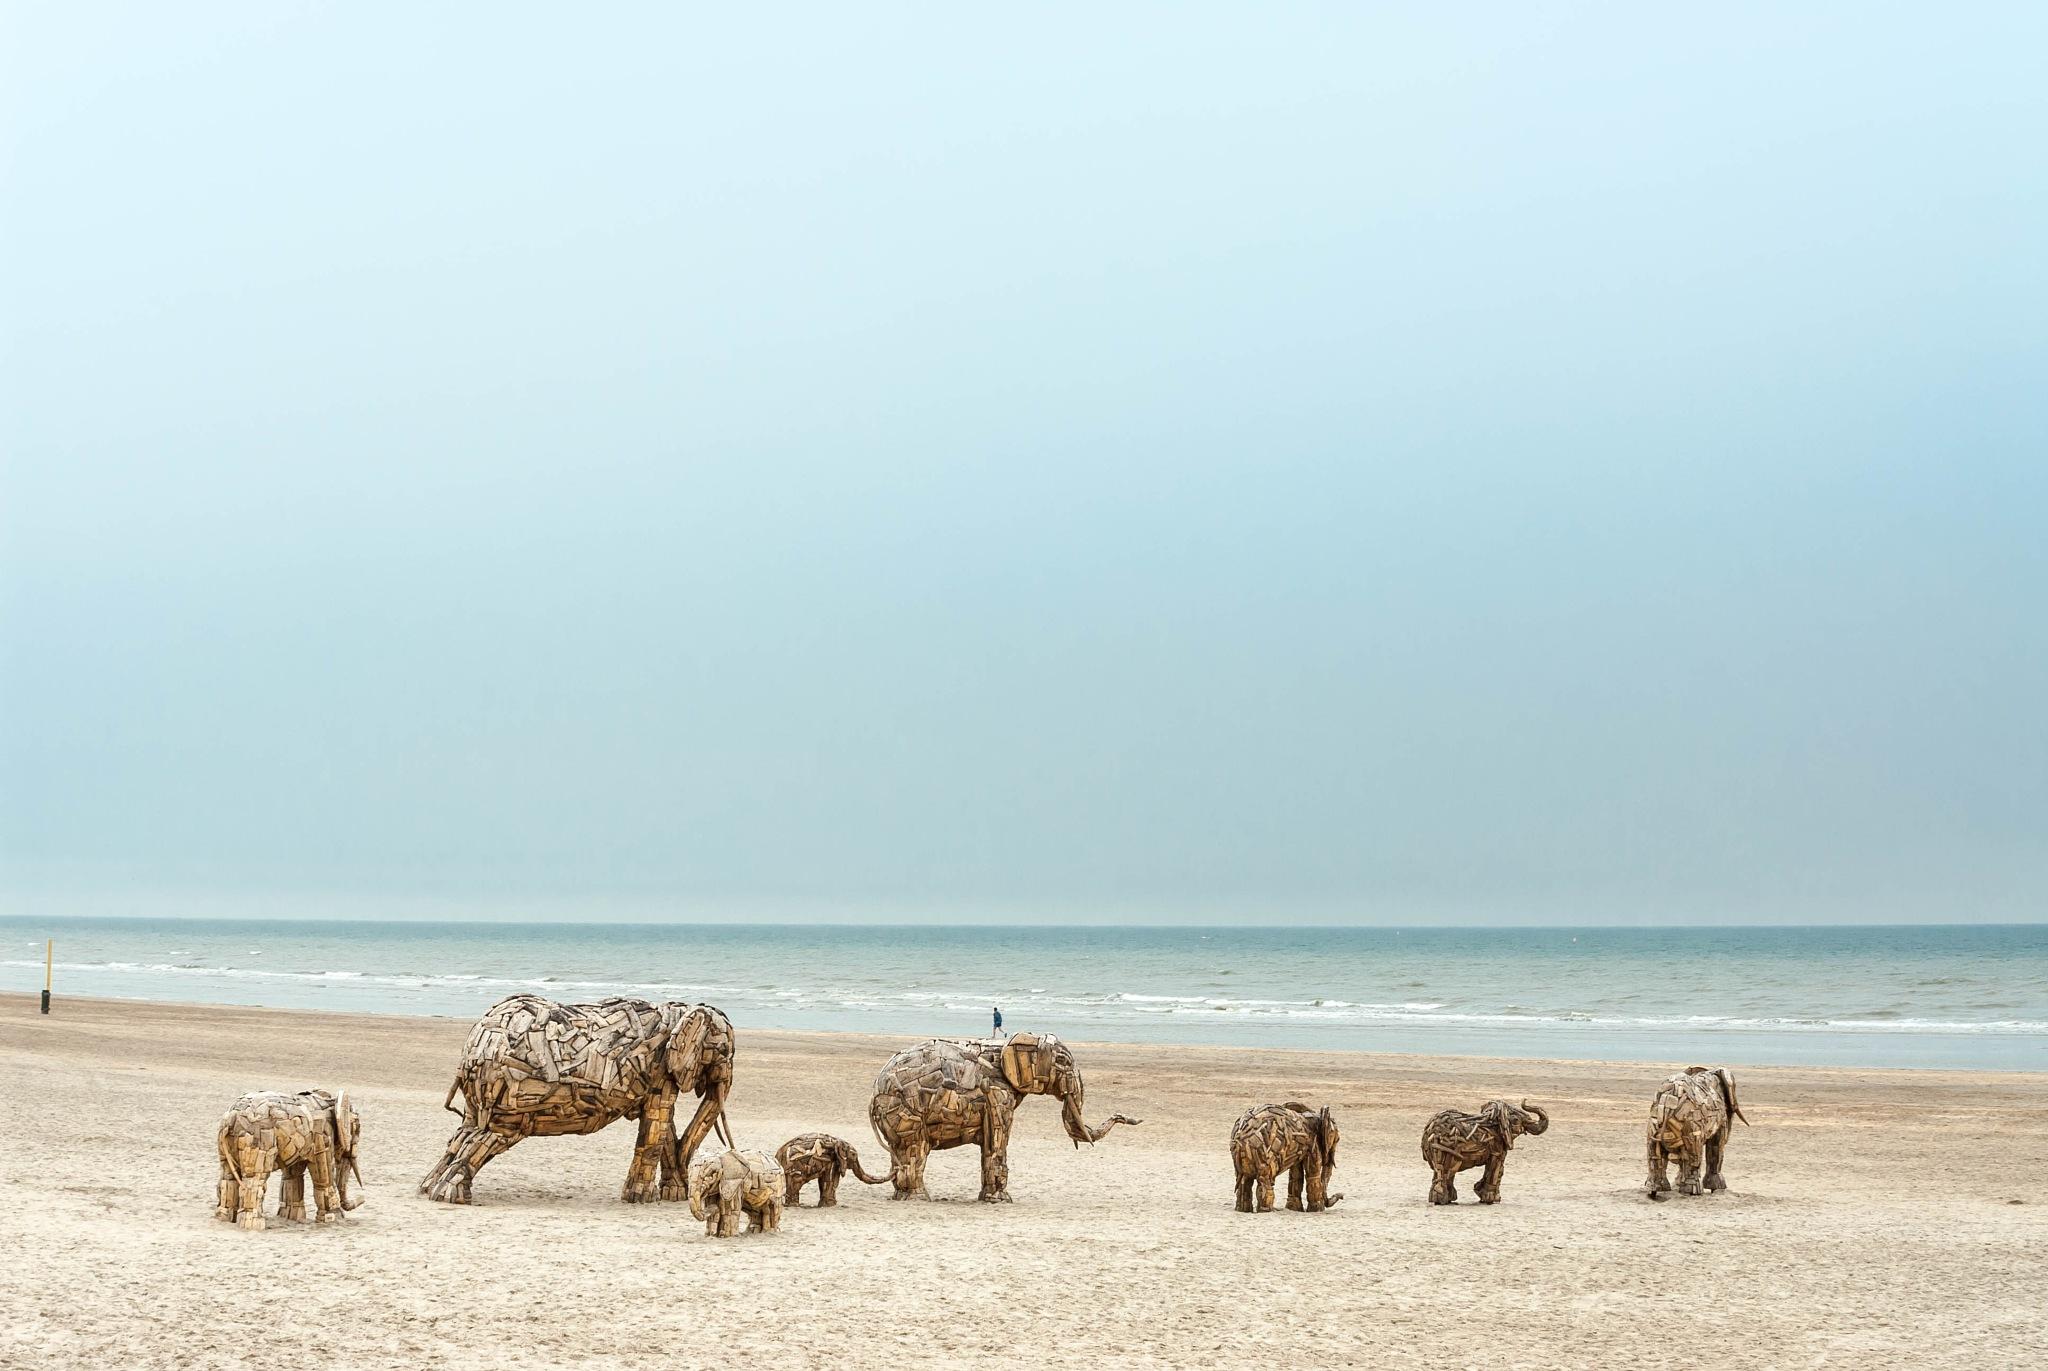 Wooden elephants, Beaufort 2006 by Ruud van Leeuwen
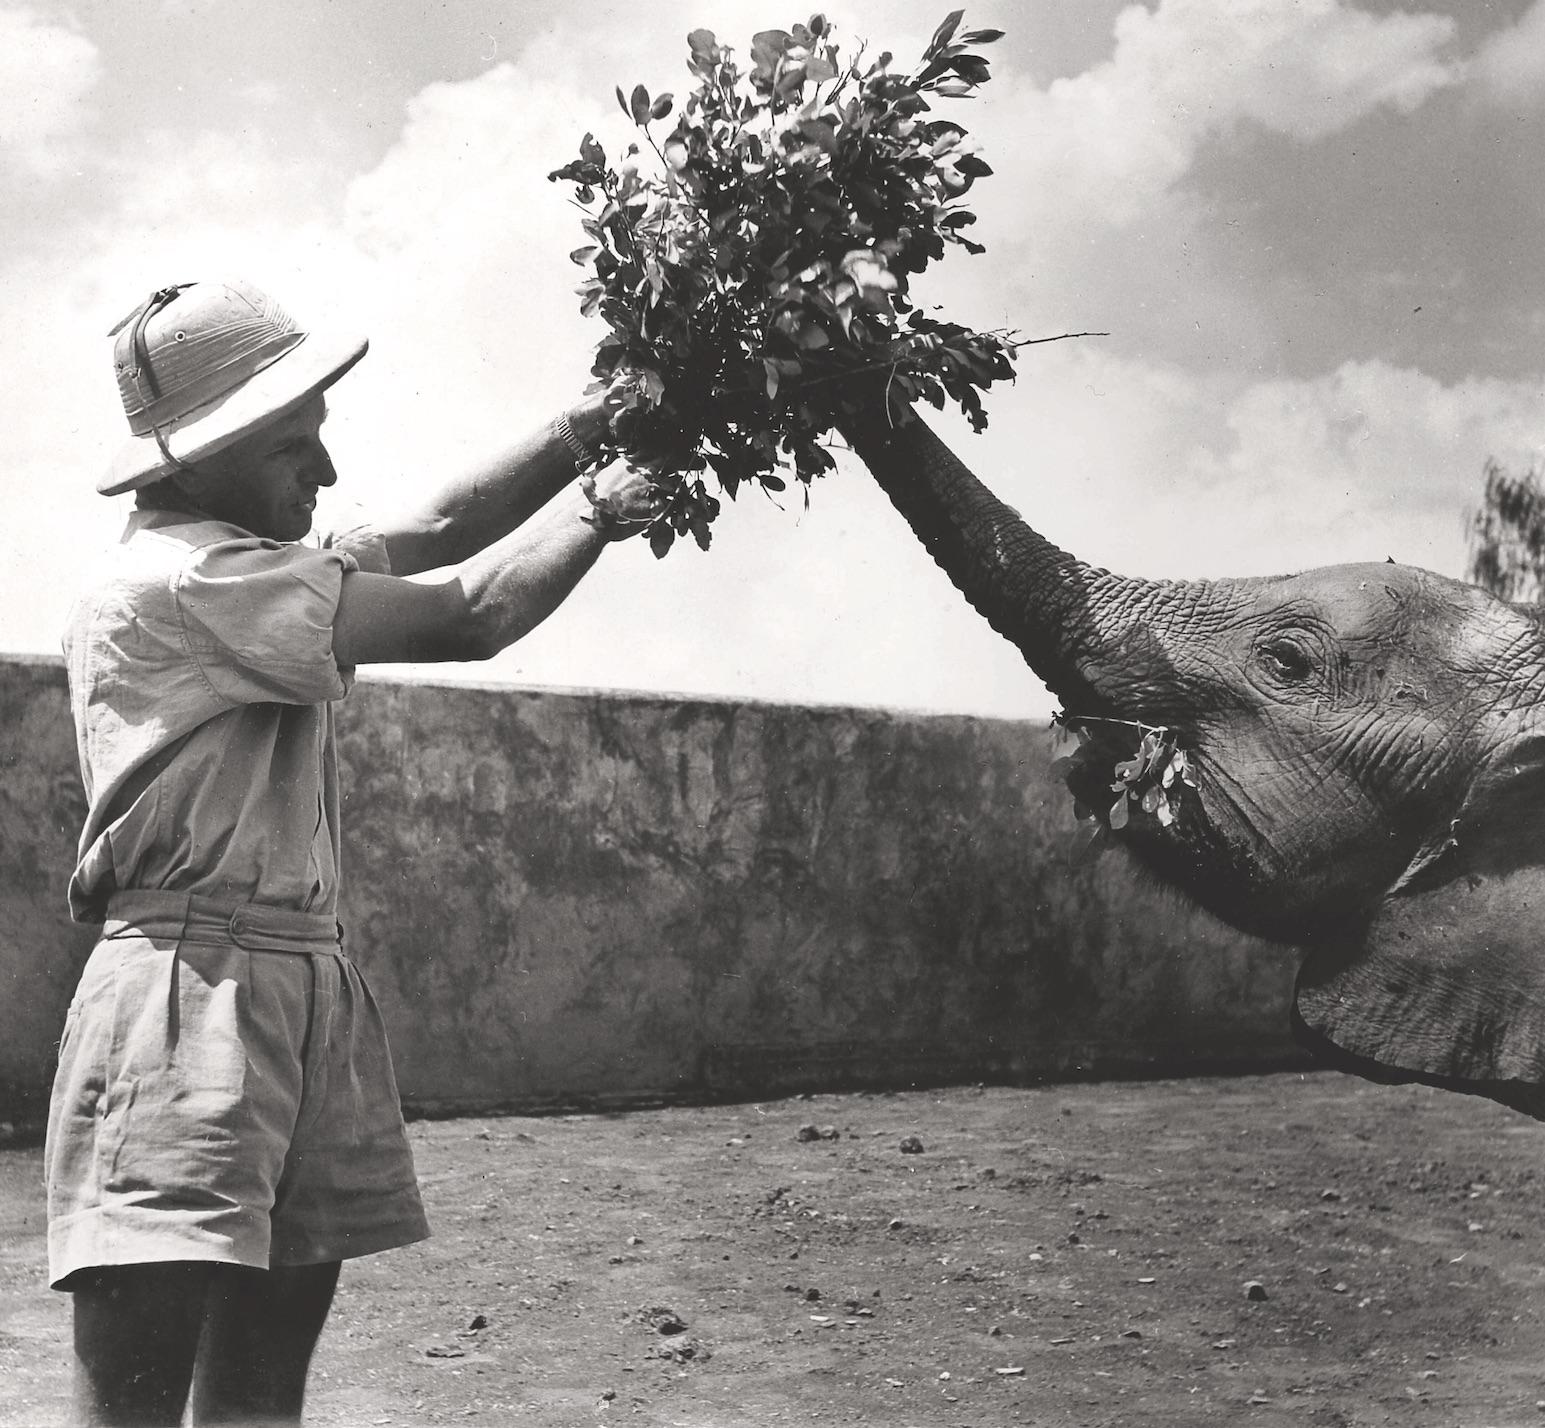 Zoologe Fritz Ernst füttert einen Elefanten. Foto: V. Ernst, Tanzania, 1950er-Jahre, Privatbesitz
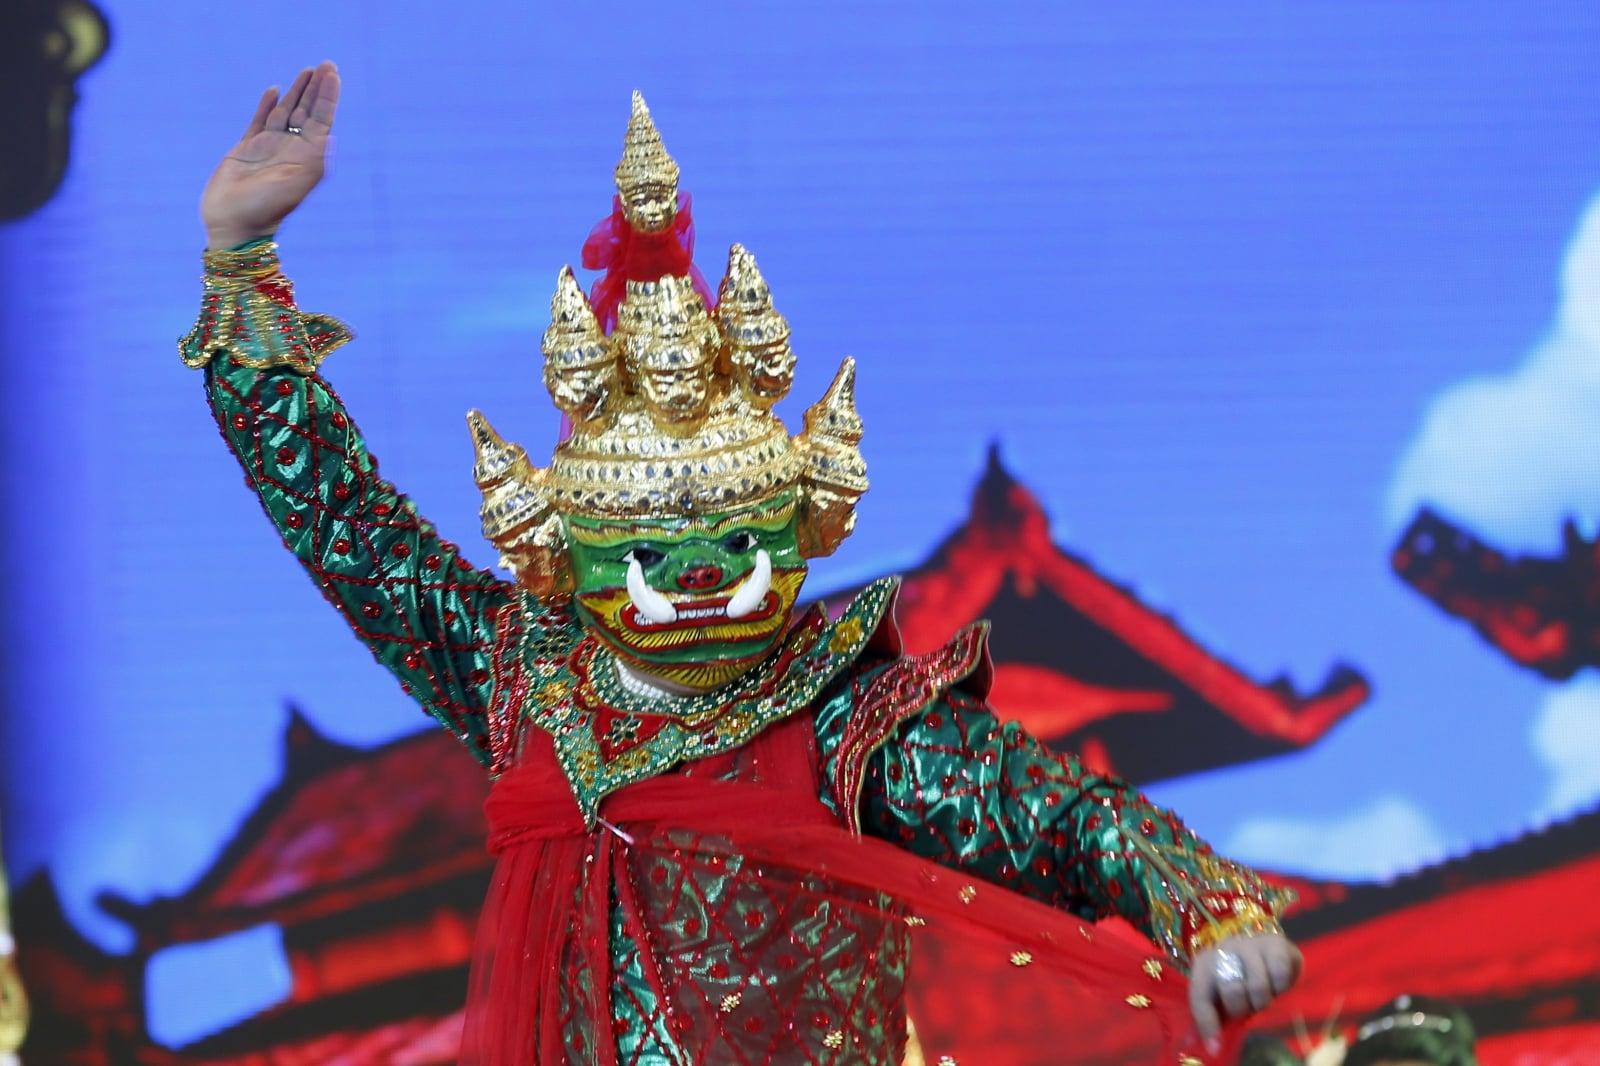 Tradycyjne stroje Mjanmarczyków fot. EPA/HEIN HTET Dostawca: PAP/EPA.
________
Problem requirements – Restate the whole of the material word for word without the pictures.

Your solution –
 Wooden elephants, Beaufort 2006 by Ruud van Leeuwen
 Zoologe Fritz Ernst füttert einen Elefanten. Foto: V. Ernst, Tanzania, 1950er-Jahre, Privatbesitz
 Tradycyjne stroje Mjanmarczyków fot. EPA/HEIN HTET Dostawca: PAP/EPA.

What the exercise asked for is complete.